Problem details
Look below for the line that contains "fouad whatsapp latest" and the line that contains "Dino-Lite Edge AF4915ZTL", then restate both of them and every line in between, exactly. No picture goes in the copy.

-- Dataset content follows --

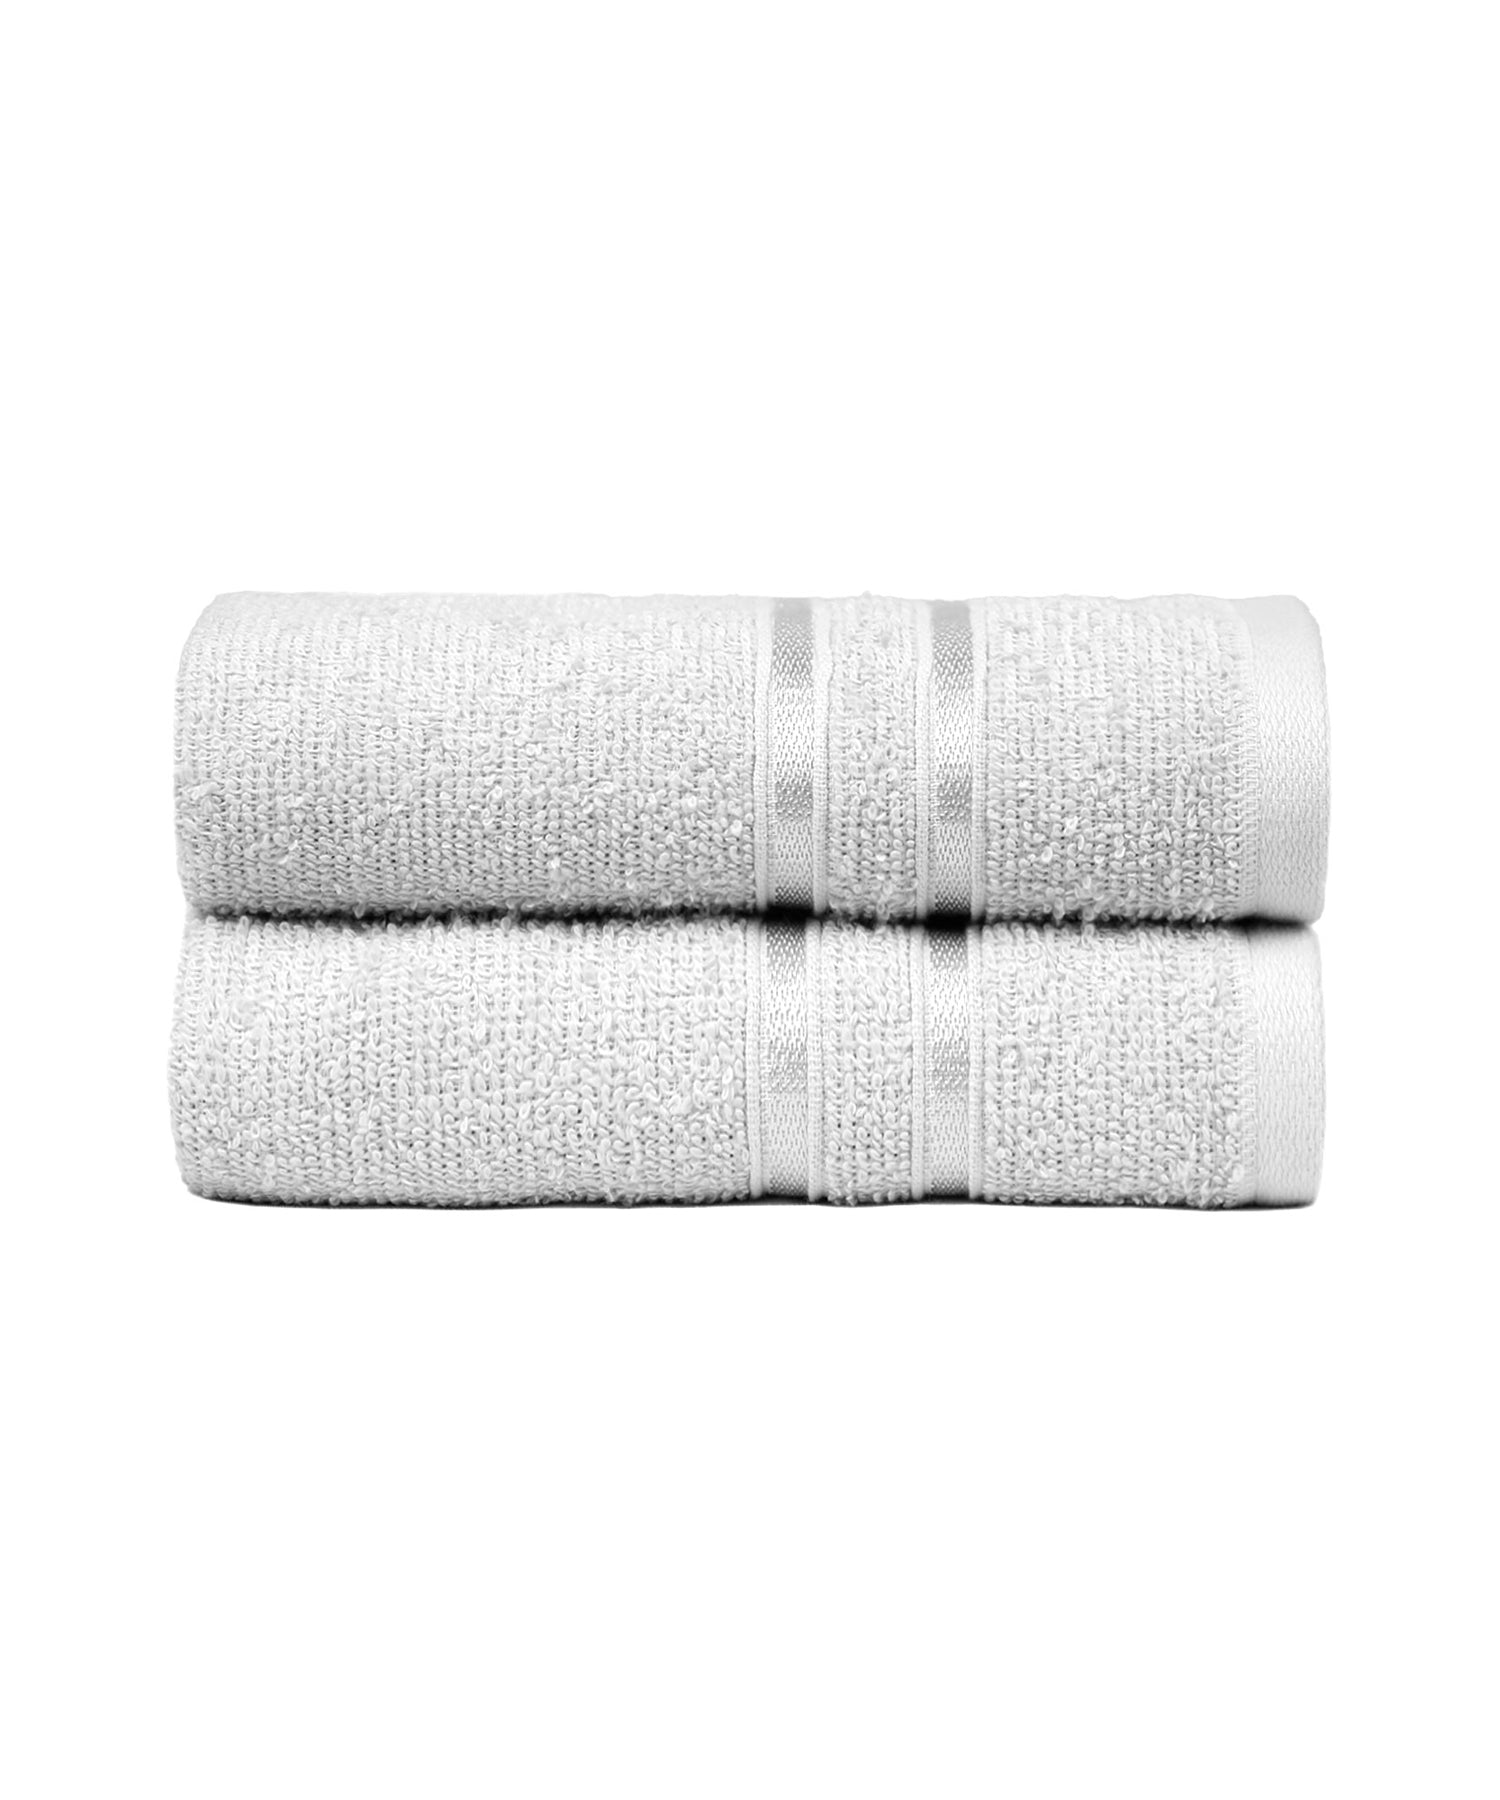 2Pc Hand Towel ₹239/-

-- Dataset content concluded --
-- Dataset content follows --

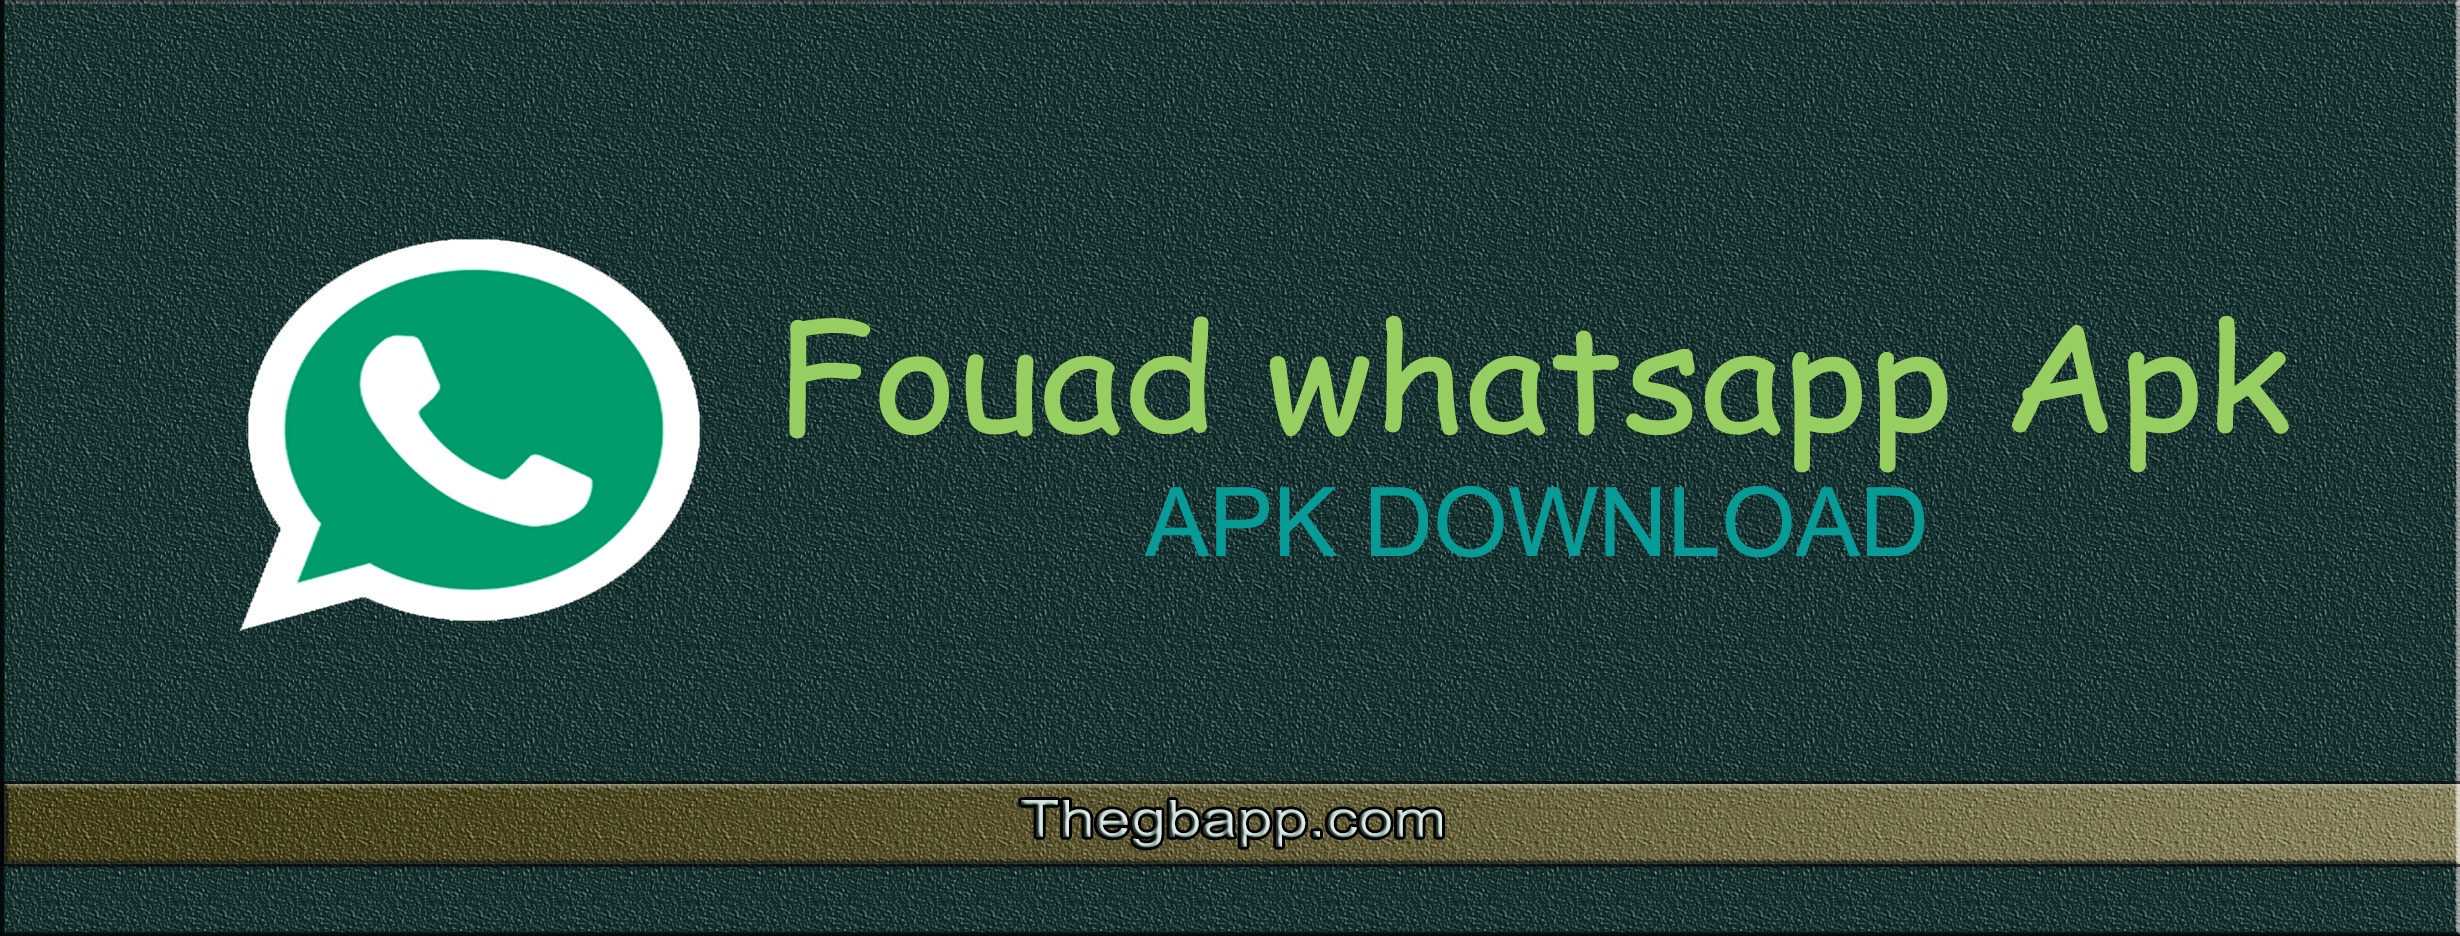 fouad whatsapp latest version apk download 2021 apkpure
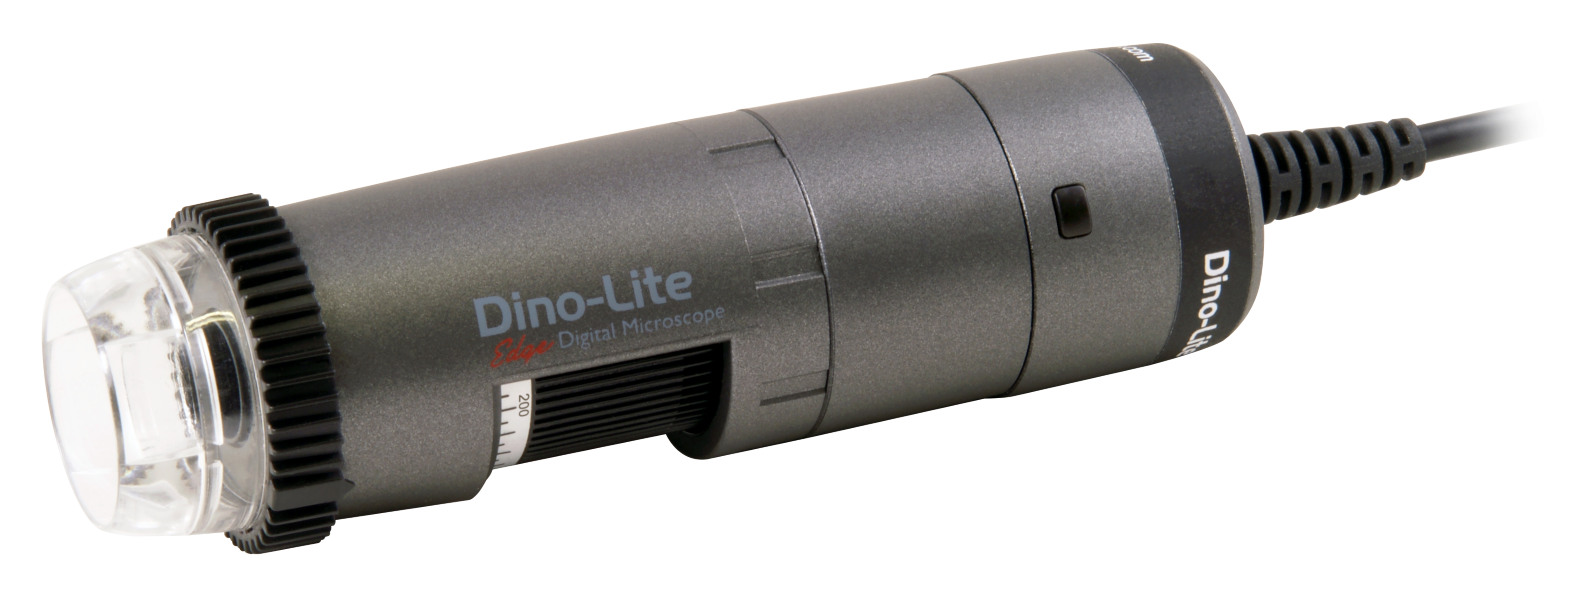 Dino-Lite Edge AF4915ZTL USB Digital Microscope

-- Dataset content concluded --
-- Dataset content follows --

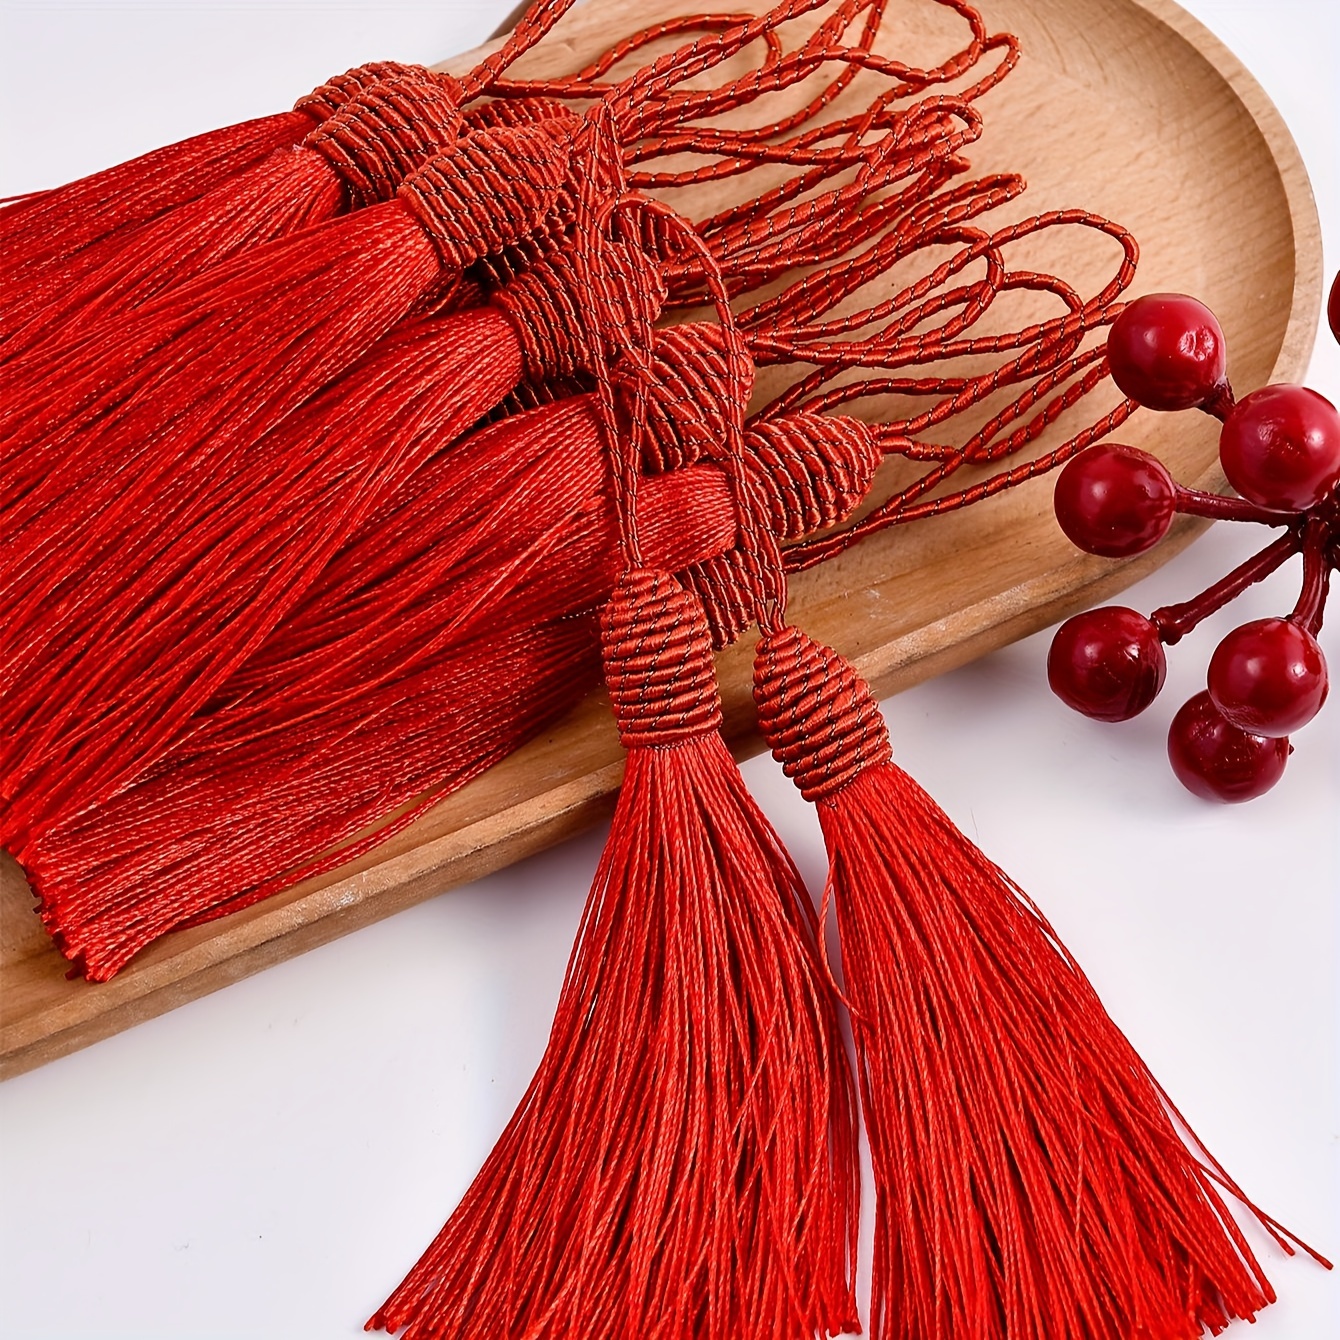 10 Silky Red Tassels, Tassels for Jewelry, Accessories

-- Dataset content concluded --

Exercise response
 fouad whatsapp latest version apk download 2021 apkpure
 Dino-Lite Edge AF4915ZTL USB Digital Microscope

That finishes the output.